I’m probably going to go a bit wide here, but bear with me. Lets say I have a MongoDB 5 time series which is essentially:
{
time, // The timeField
metadata: { // The metaField
key // The "id" for this particular reading
},
value // some value, mainly numeric or boolean or perhaps string
}
I have several questions about being somewhat efficient when the amount of documents are in the billions. Lets pretend I have a couple of keys, numeric_key1
, numberic_key2
… numeric_keyN
.
I’m going to assume the following indexes exist: time
, metadata.key
and time + metadata.key
And I can expect updates to come in every second for thousands of inputs, so grunularity
is in seconds
.
- As long as all queries/aggregations are matching a specific
key
or set ofkey
s, does splitting into different databases or different collections matter at all? I have a hunch: no. Assuming you drop thekey
matching, I’m guessing: yes
-
If doing aggregations to get e.g. 1 minute averages quite often, does it ever make sense to store the finished aggregate values to another collection for simplified lookups? Are there any mechanism to achieve this?
-
Being quite new to MongoDB and the aggregation framework, is there any obvious way to improve upon the following aggregation query?
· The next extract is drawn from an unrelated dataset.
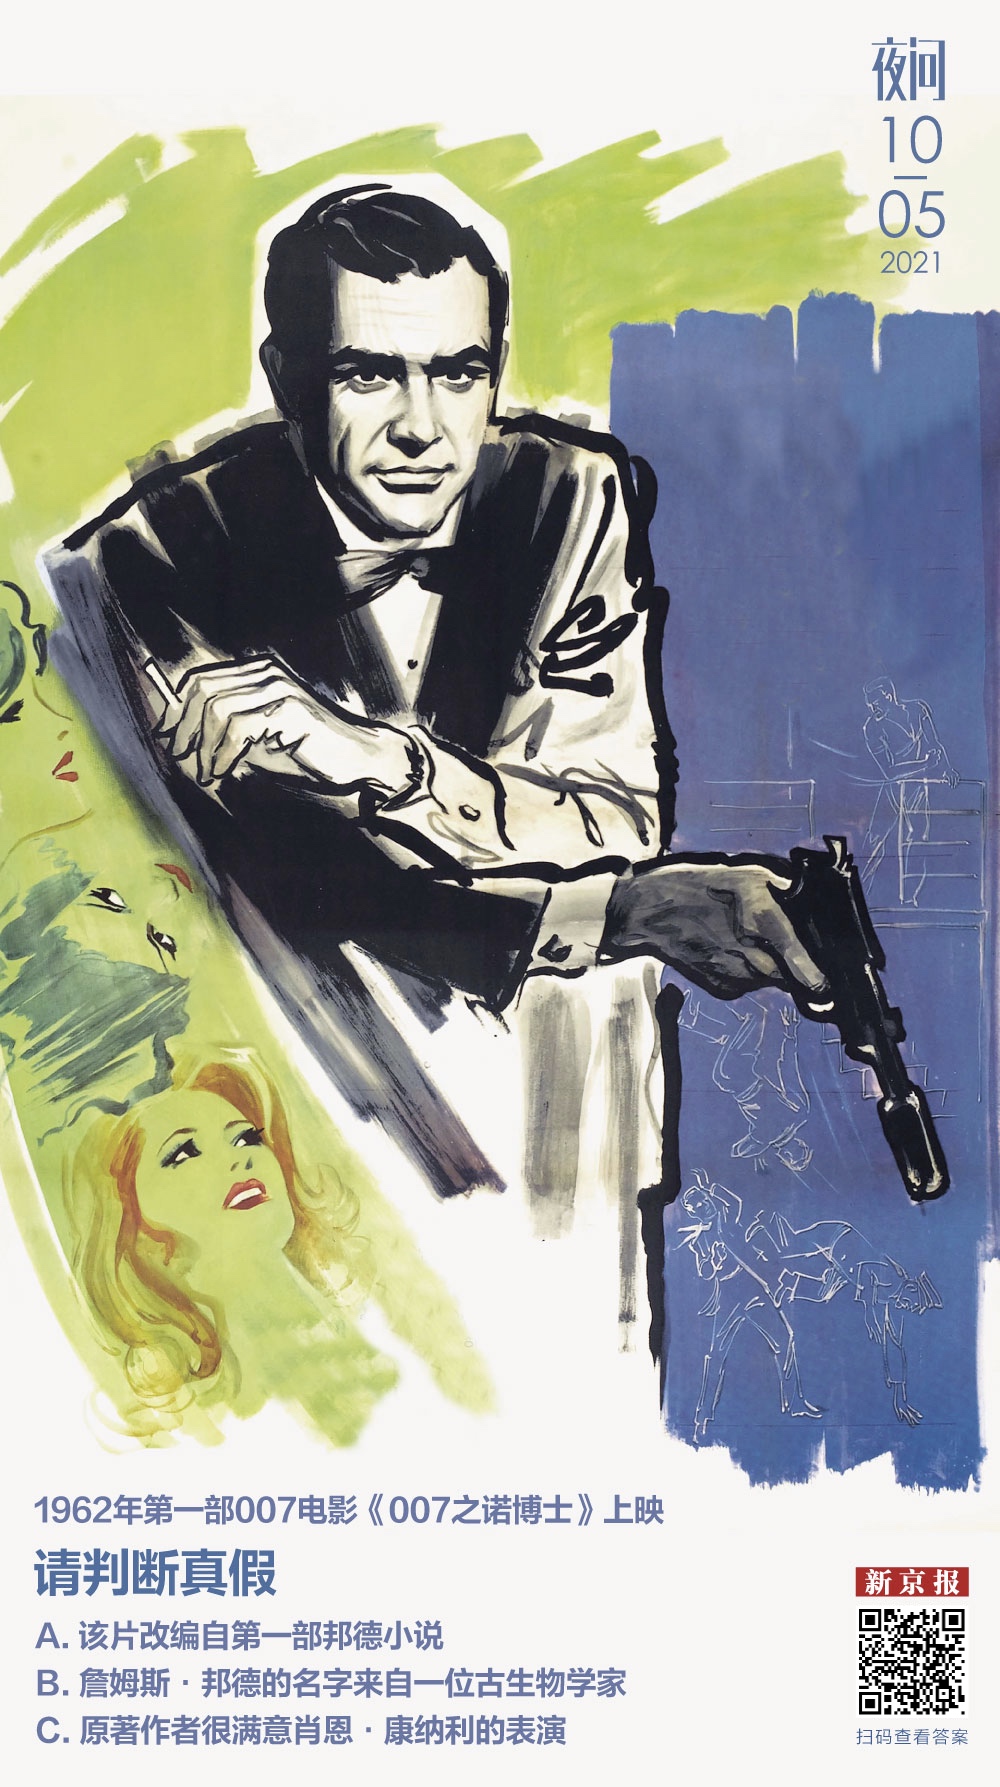 007系列电影顺序 007电影全集排序

db.mytimeseriescollection.aggregate( { $match: { "metadata.key": { $in: [ "numeric_key1, numeric_key2, numeric_keyN" ] }, "time": { $gt: ISODate("2021-11-01T01:00:00.000+00:00") } } }, { $project: { "value": 1, "key": "$metadata.key", "y": { $year: "$time" }, "mon": { $month: "$time" }, "dom": { $dayOfMonth: "$time" }, "h": { $hour: "$time" }, "min": { $minute: "$time" } } }, { $group: { "_id": { year: "$y", month: "$mon", day: "$dom", hour: "$h", minute: "$min" }, "value": { $avg: "$value" }, "key": { $first: "$key" } } }, { $sort: { "_id": 1 } } )
Thanks for taking the time, and any help given!